Figure 1. Pathogenic alterations in IPF.
IPF is believed to be the result of injury to AECs which can result in damage or loss via apoptosis. Disruption of the homeostatic balance in the lung leads to the accumulation of fibroblasts and myofibroblast as well as chronic inflammation which may bring in monocytes/macrophages and fibrocytes. Vascular damage can also initiate provisional ECM deposition. Hyperplastic AECs are noted in areas of fibrotic injury. Mesenchymal cells in the lungs promote fibrosis via the secretion of ECM, including collagen 1. Stiffening of the ECM matrix may help perpetuate the profibrotic signals to lung mesenchymal cells.

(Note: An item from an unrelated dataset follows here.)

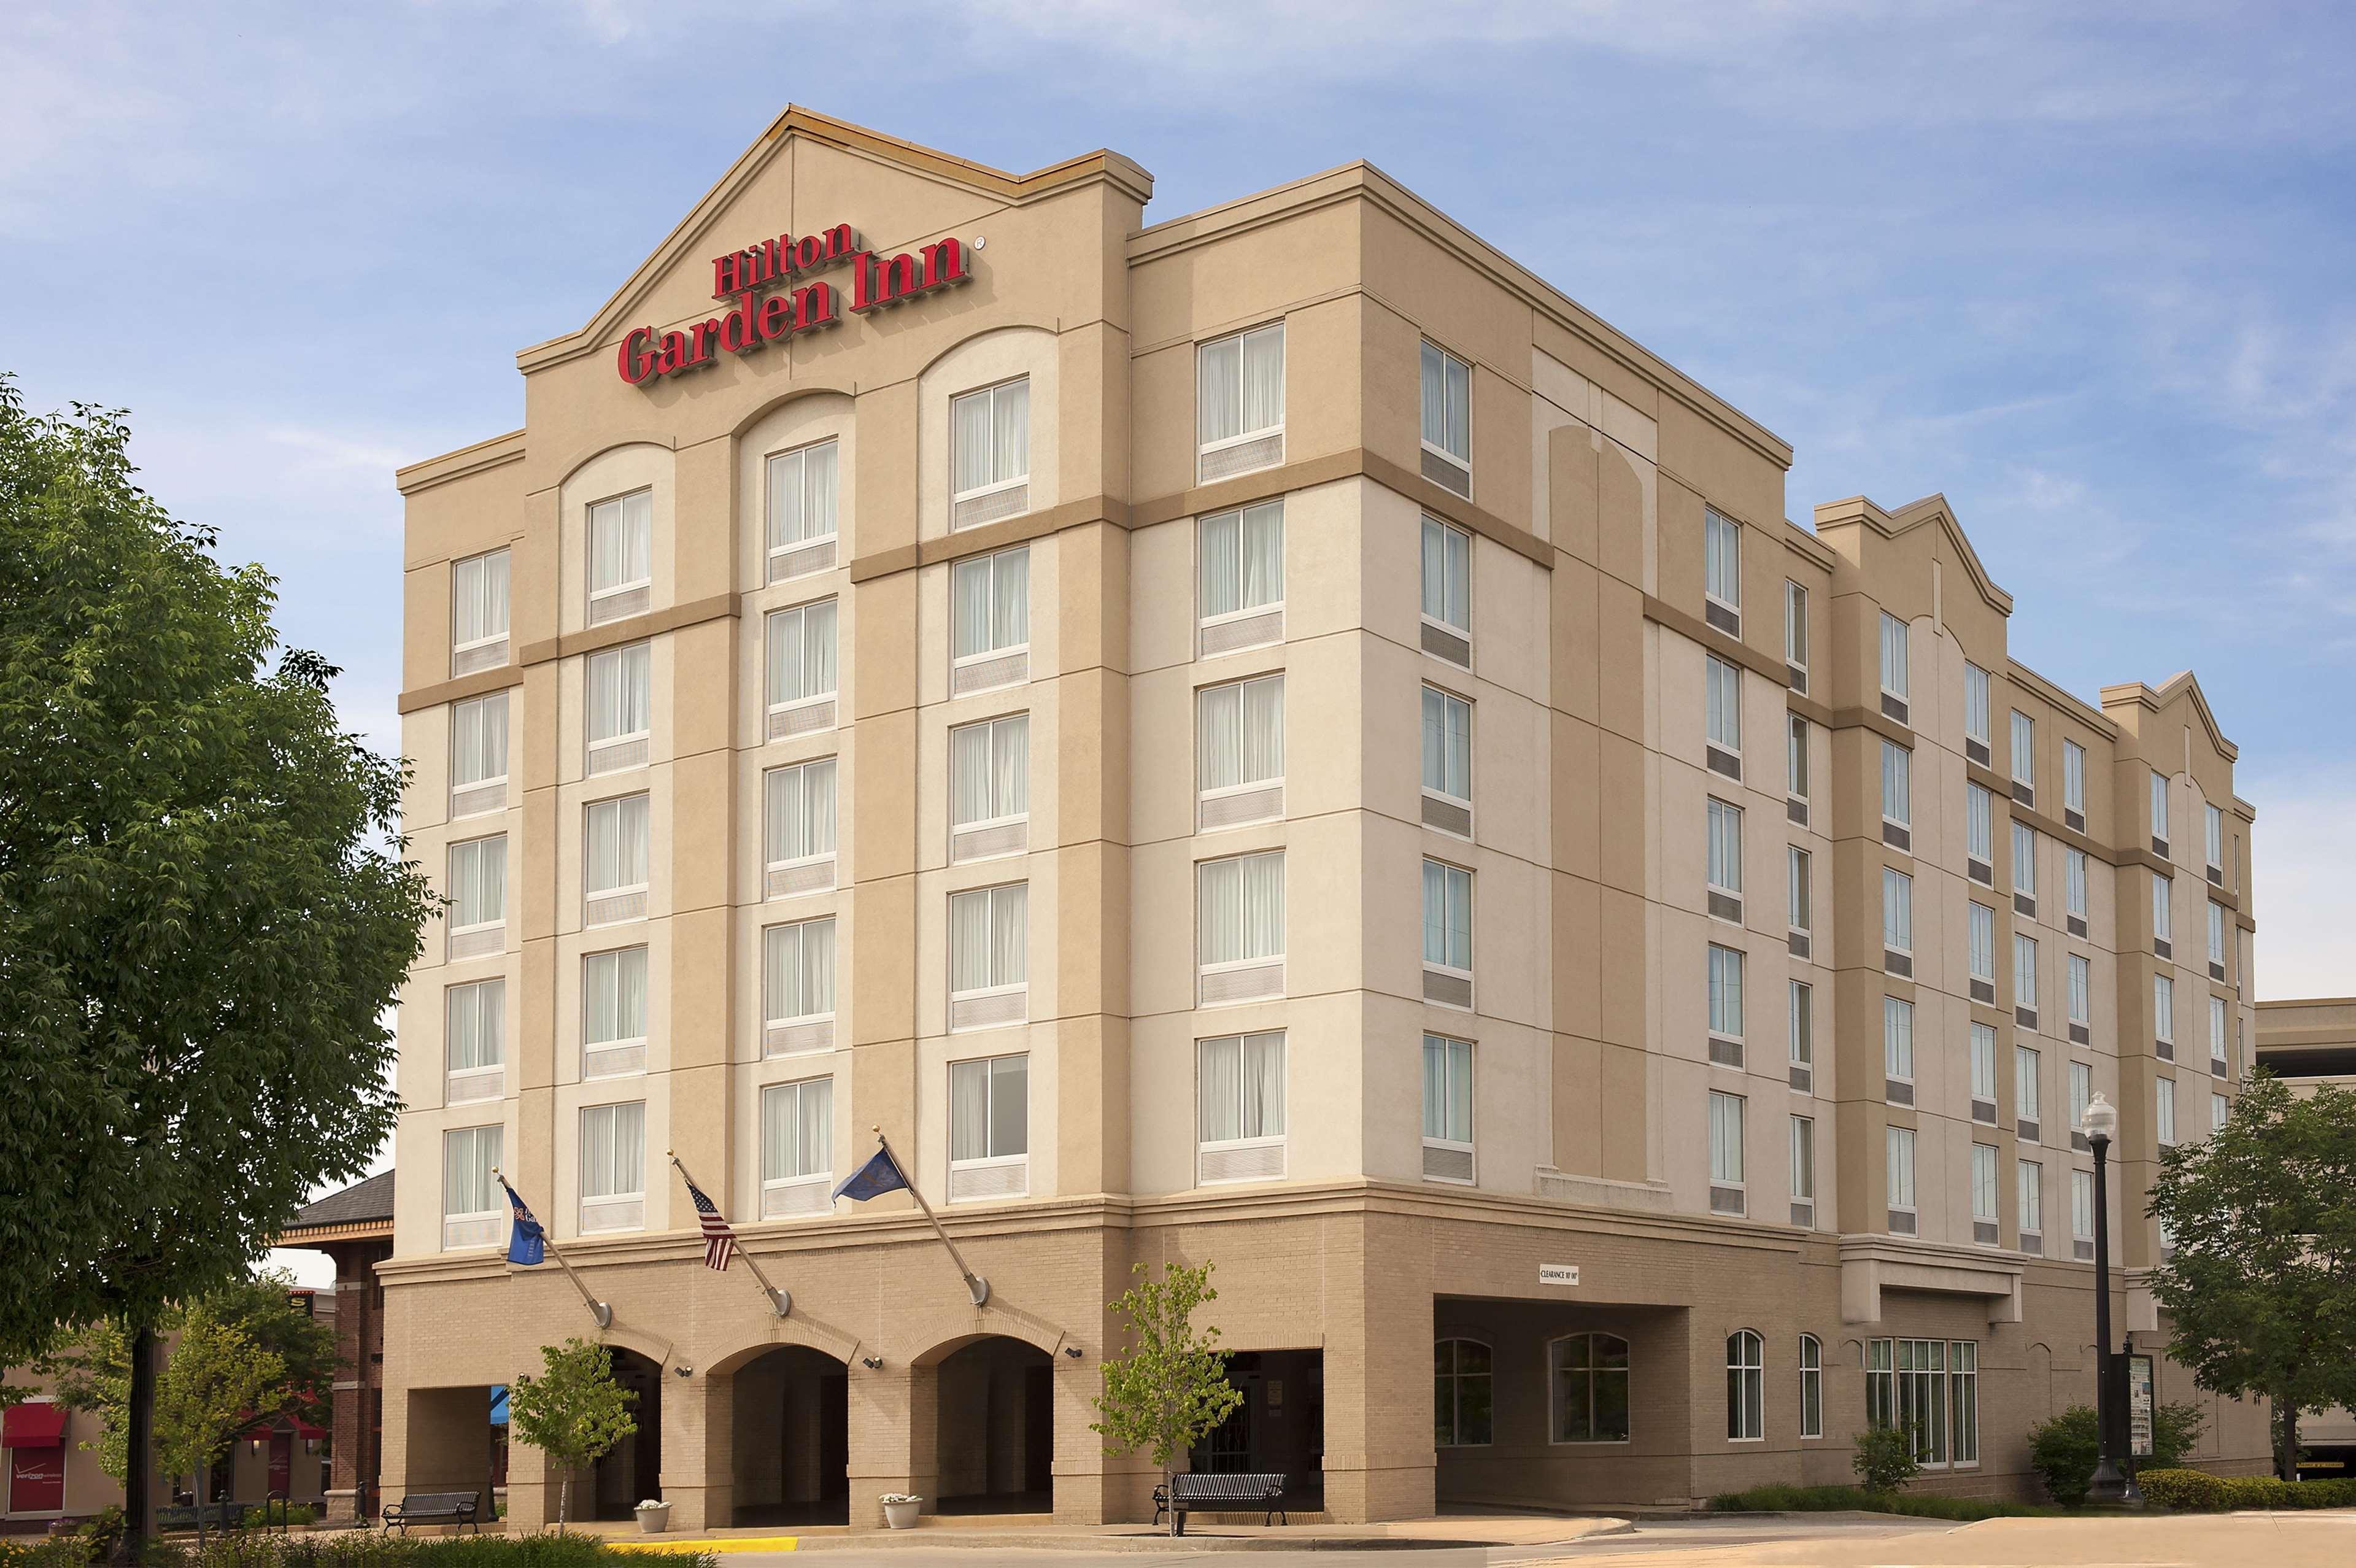 Hilton Garden Inn West Lafayette Wabash Landing image 1

Cellular processes that lead to the accumulation of the fibroblasts and myofibroblasts within IPF lungs may include expansion of resident mesenchymal cells, epithelial to mesenchymal transition (EMT), and differentiation of circulating precursors called fibrocytes [7,8]. While there is a general consensus that resident fibroblast accumulation plays an important role in IPF pathogenesis, the contribution of EMT and fibrocytes is less clear. EMT has been demonstrated to occur in animal models, and epithelial cells in IPF biopsies stain with mesenchymal markers as well as epithelial ones [7]. However, whether EMT can result in stable transformation to mesenchymal cells and myofibroblasts in vivo is unknown. Likewise, fibrocytes which are circulating cells which share both leukocyte (CD45) and mesenchymal markers (collagen 1) can stably differentiate into fibroblasts via loss of CD45 in vitro [8,9], but whether this occurs in vivo is not known. Adoptive transfer of fibrocytes can worsen fibrotic outcomes in murine models [10], but this result could be attributed to paracrine actions on resident epithelial cells and fibroblast rather than the result of in vivo differentiation of fibrocytes to myofibroblasts.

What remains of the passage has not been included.